Wednesday, December 23, 2009

Burgh Boomerang News

Alpha boomerang migrant Jessica Trybus is moving to bigger digs in order to accommodate her growing business:

“We need bigger space and a different kind of space,” Trybus said.

The Crane building’s amenities, such as high ceilings and a comfortable kitchen, along with its location in the Strip District near a grocery store and a mix of restaurants and shops proved a good fit for Etcetera, which also sought a building friendly to bicycle commuters that was close to public transportation.

“The building is set up for early stage companies. They are really accommodating,” Trybus said. “One of my team members is threatening to kayak to work,” she said, of one of her staffers who lives in nearby Lawrenceville.

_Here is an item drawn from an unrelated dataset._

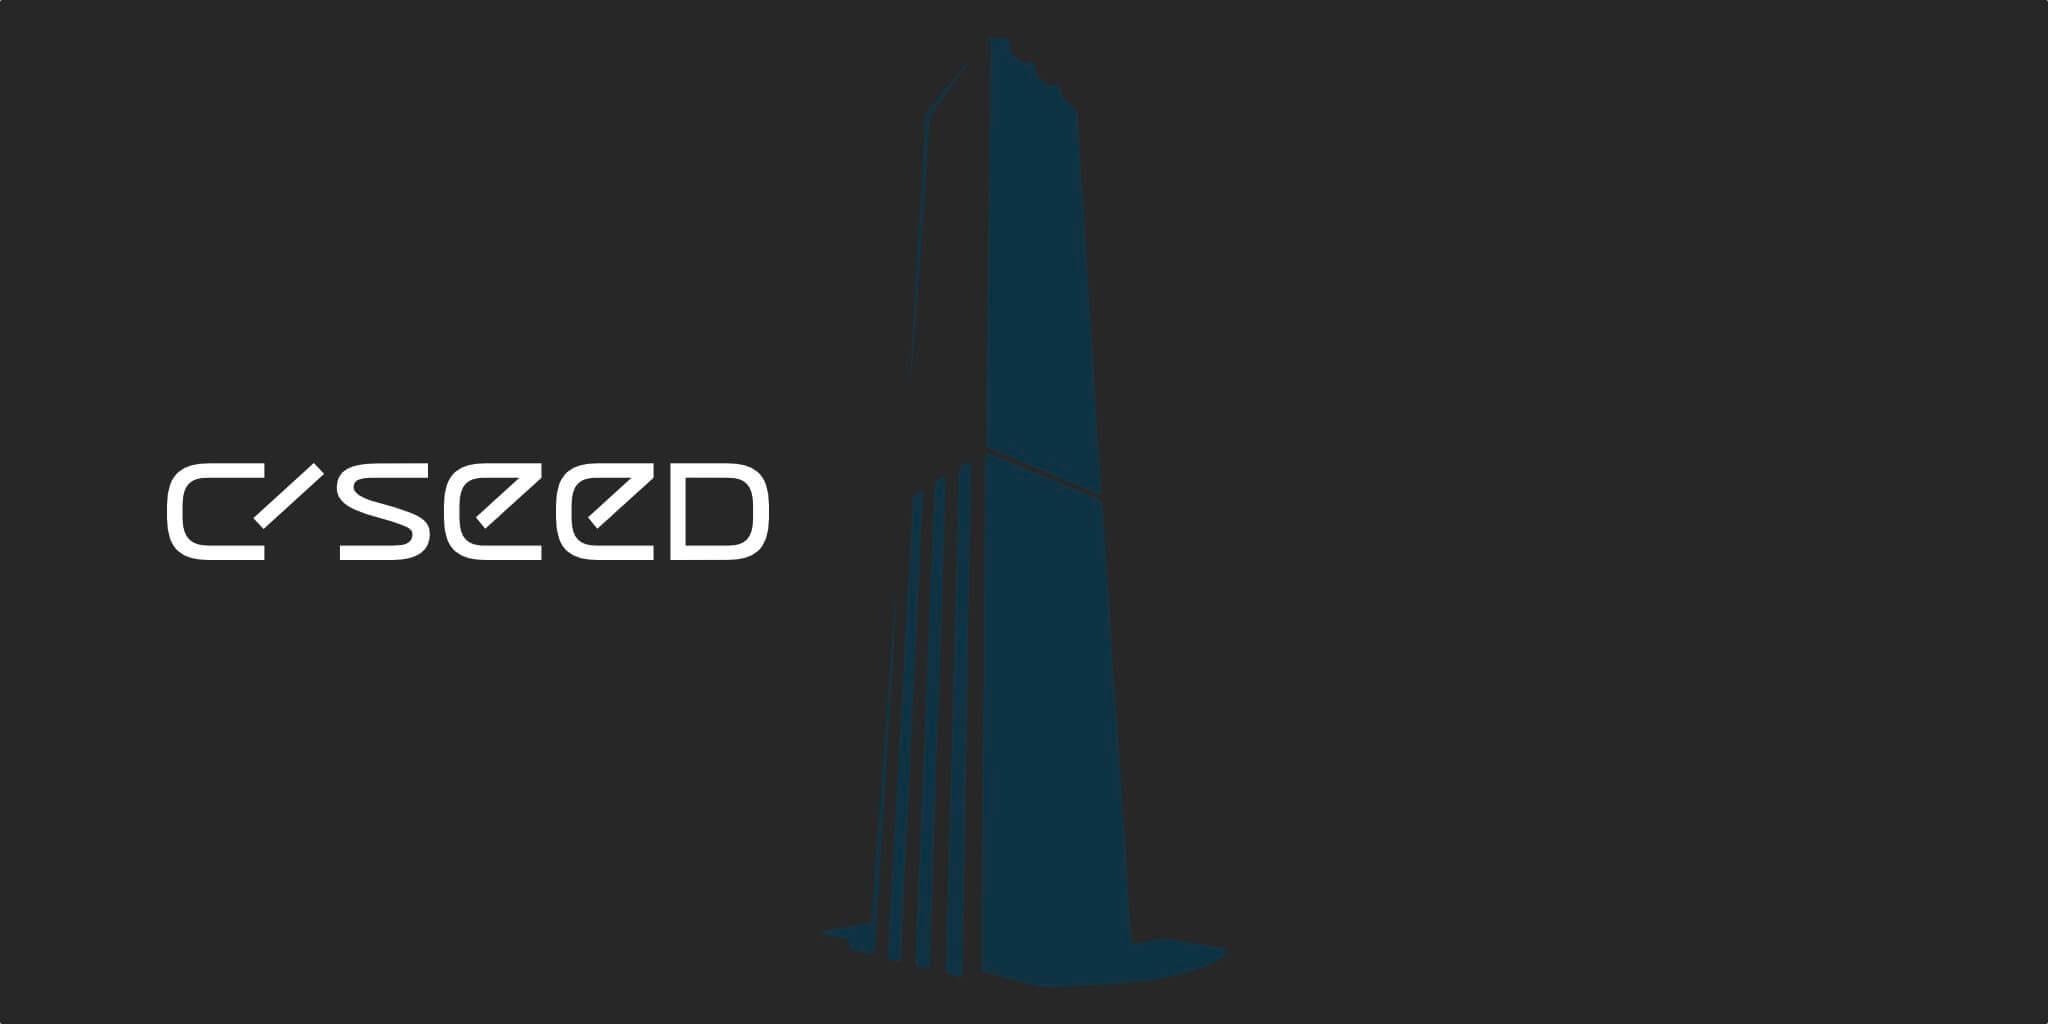 C SEED Logo Column JPEG_2048x1024_60% tinified

Describing 2009 as a building year in which Etcetera was able to bring three products to market, Trybus said the company is now poised to grow and could double its staff size in the next year, bringing on new sales and marketing staff along with engineers and designers as needed.

The ebb and flow of the Strip District neighborhood is interesting. I lived in Pittsburgh briefly during 1997. The area was gentrifying and the nighttime scene included a Vietnamese restaurant with a karaoke machine that attracted the after-hours crowd. It was a hip place to hang out. My girlfriend (now wife) worked at Vermont Flatbread, another one of those popular Uricchio establishments.

I gather that by 1999, things were changing for the worse. Beer connoisseur Lew Bryson offered the following review of Vermont Flatbread:

I was prepared to really like this place: good selection of magazines out front, great location, cool name and concept, and definitely NOT the usual multi-tap. The food looked REALLY good, but we'd just had an awesome lunch at Gene's Last Chance and only had time for a quick beer here. We asked the waitress for the tap selections, she rattled them off and ended with "Village Pilsner." Who's that, I asked. "I think they get it from Valhalla," she said, and leaned in to say softly "It isn't very good." Hmmm, I thought, and ordered a Lancaster Spring Bock, hoping it was a keg of this malt nectar they'd hidden in a far corner of the cooler for just such a pleasant Fall day. It wasn't, it tasted like it had been on since April, headed towards outright sour. If a bar is going to have a good selection of beer, they have to take care of it, and taste it, and pull it when it goes bad. Otherwise, don't even try.

Perhaps the original owners had moved on by 1999. Vermont Flatbread used to have the best taps in the city. The beers were carefully selected and served as a wonderful compliment for the adventurous food. Most of the cool kids had moved to DC, many of them now hanging out at Black Cat. The Strip District scene had come and gone. Now, it might be making yet another strong comeback.